I remain standing. ‘Other hospitals in the area have been used as a hub. Schools and vet clinics too. It looks like the standard deliveries have been supplemented with extra stock, prescription medication that is packaged and then sold illegally within regional communities. We’re not talking small-scale stuff.’
Eric’s eyes widen. ‘I don’t know anything about that.’
‘I’ve gone through your financial records. There’s a significant monthly freight payment to a holding company in your wife’s name. What are you hiding?’
Eric looks bewildered. ‘Nothing.’
‘Explain it to me then. Why do you pay your wife’s salon for freight?’
‘It’s for tax purposes. A few years ago we all got together and agreed we could pool our funds to create some efficiencies.’
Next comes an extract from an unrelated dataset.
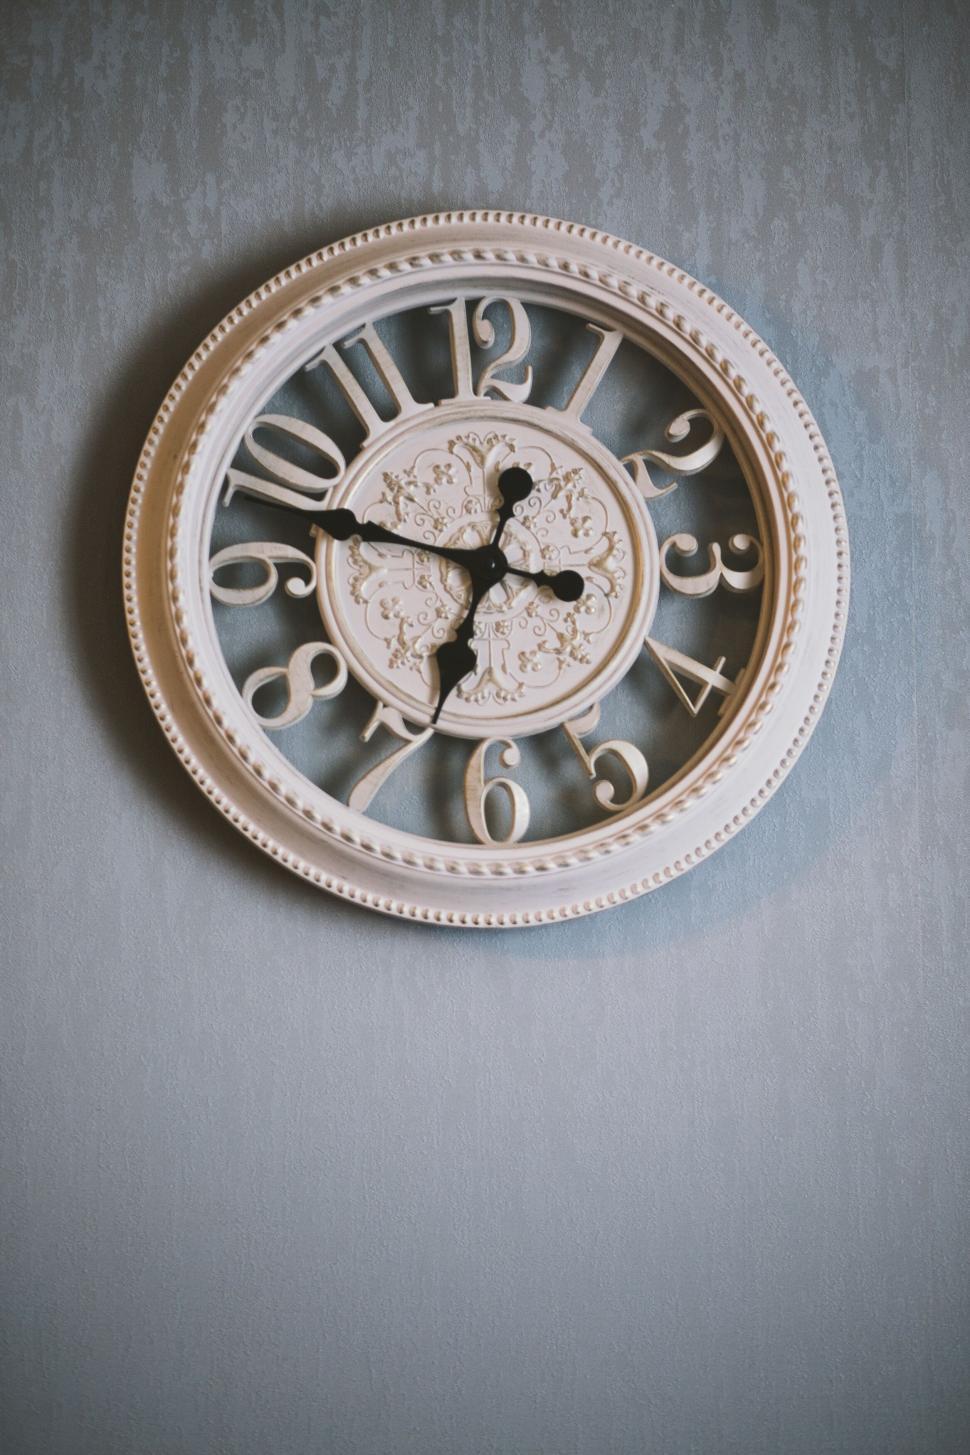 Free Image of Antique wall clock with Roman numerals

‘Who’s we?’ I ask impatiently.
‘Me, Tara and some of the other small-business owners in the area. It makes sense. We all receive regular supplies from Sydney, so rather than each paying separately for freight, we figured we could save some money. Tara already had the company set up for the salon, and it made sense that her business would pay the freight for tax purposes, and then the hospital and the others transfer her our percentage of the costs. My accountant can probably explain it better. I’m not trying to hide anything, but I don’t really understand what you’re getting at.’
‘What other businesses?’
‘Well, the salon like I said. That’s Tara’s baby and I don’t get too involved in it. And Des and Min at the supermarket, and Cam at the pub.’
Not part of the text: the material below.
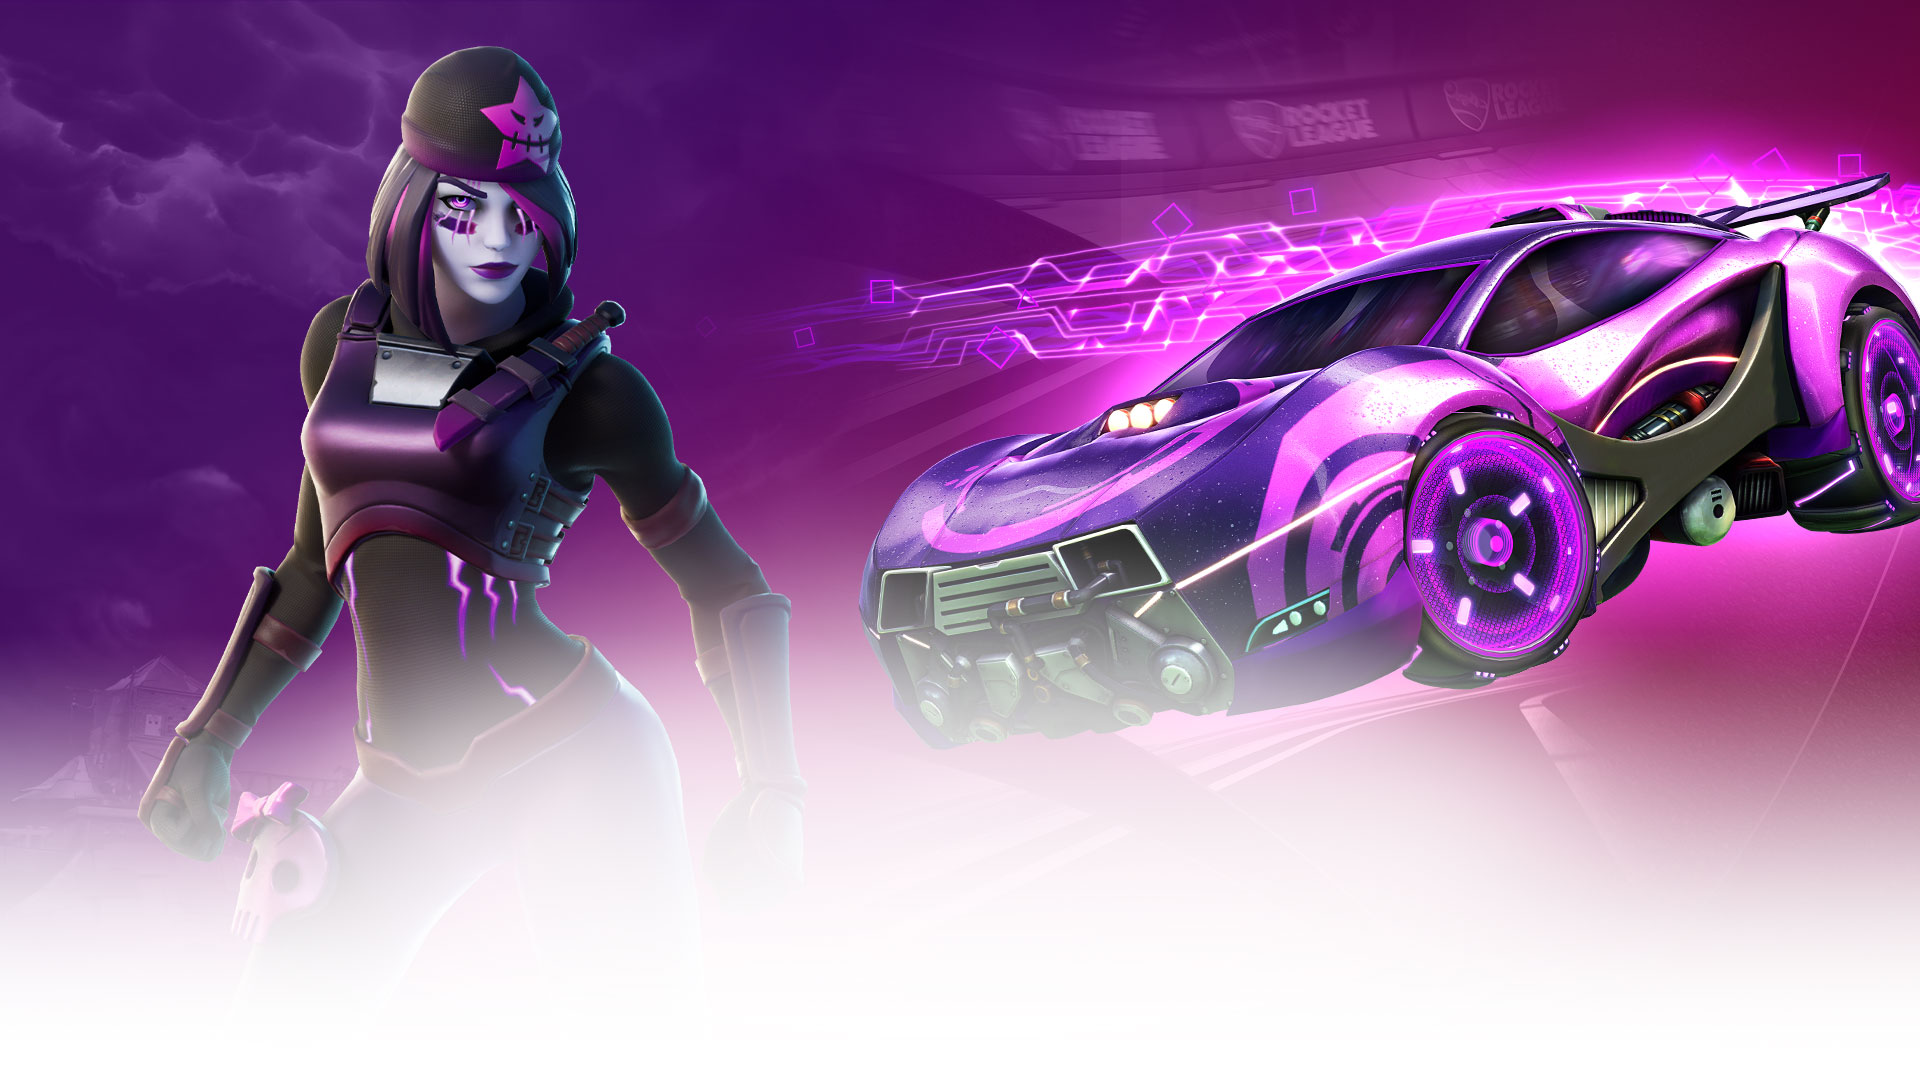 A Fortnite character poses next to a Rocket League car, both equipped with Midnight Drive Pack items.

‘So, what, the one delivery comes into town for all of you?’
‘Yes,’ says Eric. ‘It’s all run through the one company. Everything comes in on Tuesdays, like I told you.’
‘Who organises the delivery company? Is it Tara?’
‘She pays for it, but Cam manages it all. He’s always been very entrepreneurial. It’s great, actually, like a relay system. The delivery comes to us first because of the sensitivity of our orders. We crosscheck all of the pharma stock and any new equipment, then the driver drops off the supplies to the supermarket, the salon and lastly the pub. After Cam takes his stock allocation, he loads up the truck with any catering we need for the week, and the driver comes back to drop it off here. It runs like clockwork, a lot better than the system we used to have. Plus having it all contained to Tuesdays means the truck can be leased out for the rest of the week, and Cam has some of the kids at the pub using it for regional delivery work to earn some extra money until it goes back to Sydney on Sunday. That’s what Aiden has been doing lately, long-haul freight deliveries. Cam is always looking for ways to support the local kids, offering them flexible work. We’ve talked about the brain drain that happens here—it’s one way business owners can encourage people to stay on.’
The room feels like a vice closing in on me.
‘Sally Luther used to work for you,’ I blurt, ‘when you had the GP rooms.’
Eric brings his hands together and looks bewildered. ‘Yes, she did. She was a great girl, an excellent receptionist. She had decided to stay here because of her boyfriend and do university by correspondence, but she was keen to earn some money. It was devastating to lose her.’ Eric stretches out his back. ‘It does feel a little like déjà vu with Abbey and now Aiden disappearing. Cam called me yesterday, checking to see if I’d heard from Aiden. He sounded quite worried.’
‘Fuck!’ I exclaim.
Eric jumps at my outburst.
I fumble to open the door and am vaguely aware of it slamming against the wall as I race out to the car park.